The early development of the tool was completed with colleagues from Warwick and Bangor Universities.
We have published two things: a version of the tool that is used in inspections of specialist services for people with a learning disability and autistic people , and a broader framework that the tool was based on, but which has not been piloted.
We are currently piloting the tool across other specialist health and care settings. Once we have concluded the pilot, we will evaluate our findings and decide how and when we are going to use it in the future.
How we use the quality of life tool when we carry out an inspection
The tool includes indicators that help inspectors identify areas to explore as they assess quality and safety.

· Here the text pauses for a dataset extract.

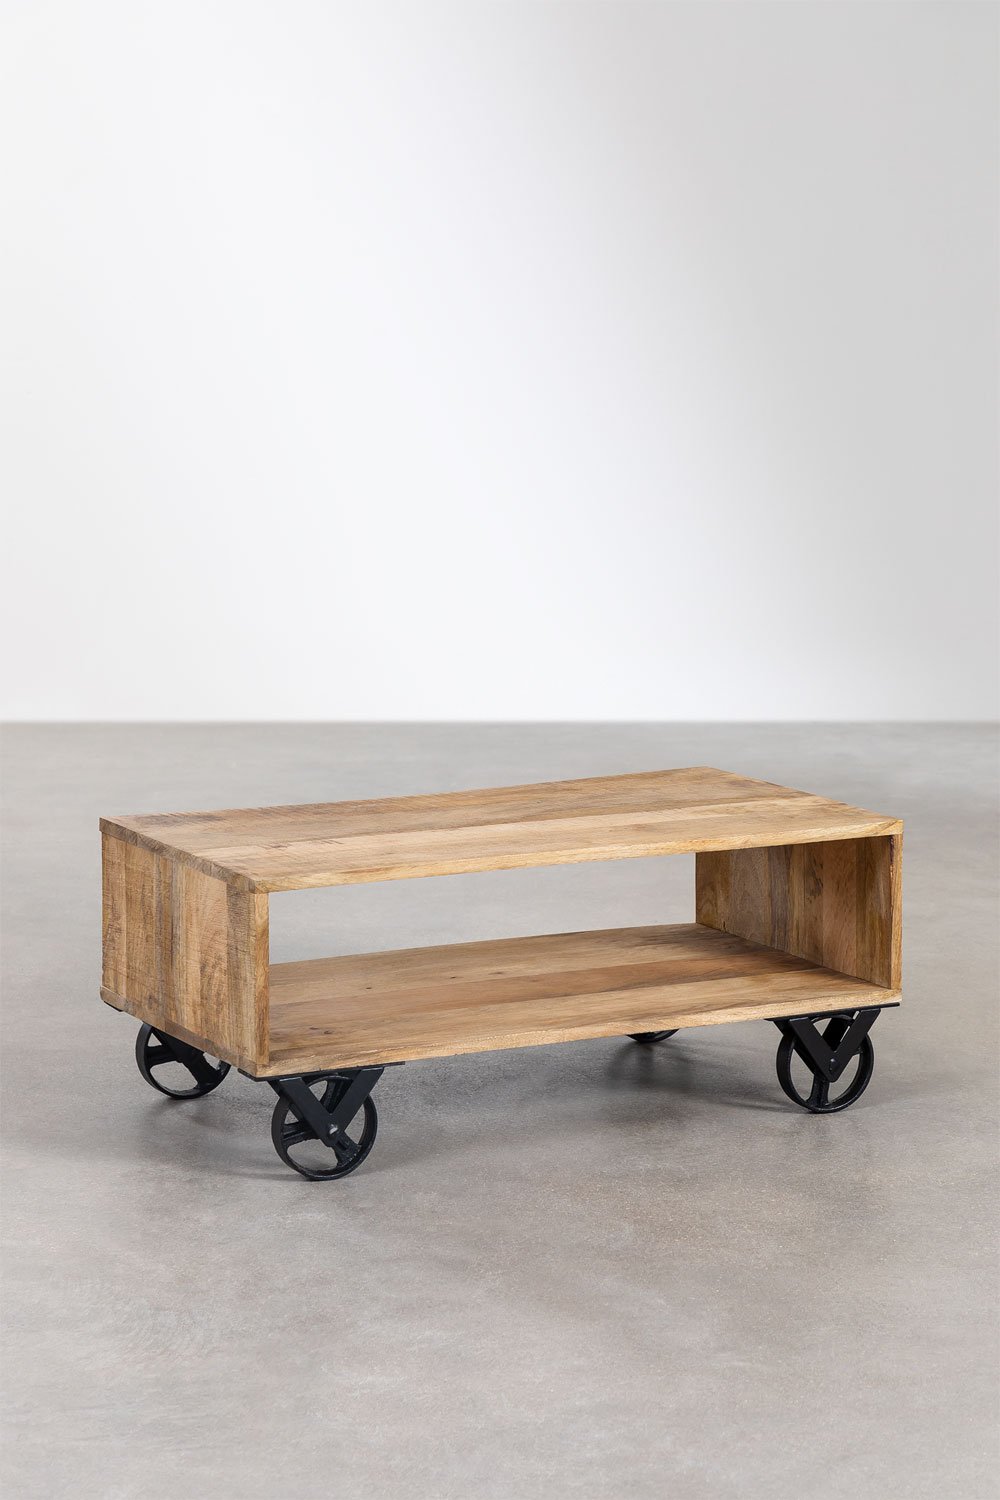 Mangohouten salontafel met Olson wielen , galerij beeld 1

The indicators help them consider:
- quality issues ('red flags')
- regulations and articles of the Human Rights Act.
After the inspection has taken place, we use the tool to review the evidence and reach our judgement. We also use it to put together our report.
It helps us collect and compare evidence from different sources
The tool helps us corroborate evidence between different sources. These include:
- documentation
- what we see in the culture of the service
- the physical environment
- what staff, people who use the service, families and other stakeholders tell us.
For example, we might look at different sources to understand if the service is delivering what's in people's care plans. This could include:
- looking at social media or diaries
- asking for photos
- speaking to people who run other settings like education services or day activities.
The tool focuses on the experience of the person receiving care and how it feels for them using the service.
The quality of life tool has not replaced our published methodology for assessing and evaluating the performance of registered providers; the KLOEs remain in place under the five key questions as the focus of our inspections against the fundamental standards set out in the Health and Social Care Act regulations. The quality of life is being piloted for inspectors to assist them in highlighting good and poor care in line with our KLOEs.
Human rights content is reflected in both the key questions and fundamental standards although we do not inspect a provider's compliance with the Human Rights Act itself. CQC will take the necessary action using our enforcement powers against breaches of our fundamental standards.
Section 1: Is there a planned programme for each person that focuses on their quality of life?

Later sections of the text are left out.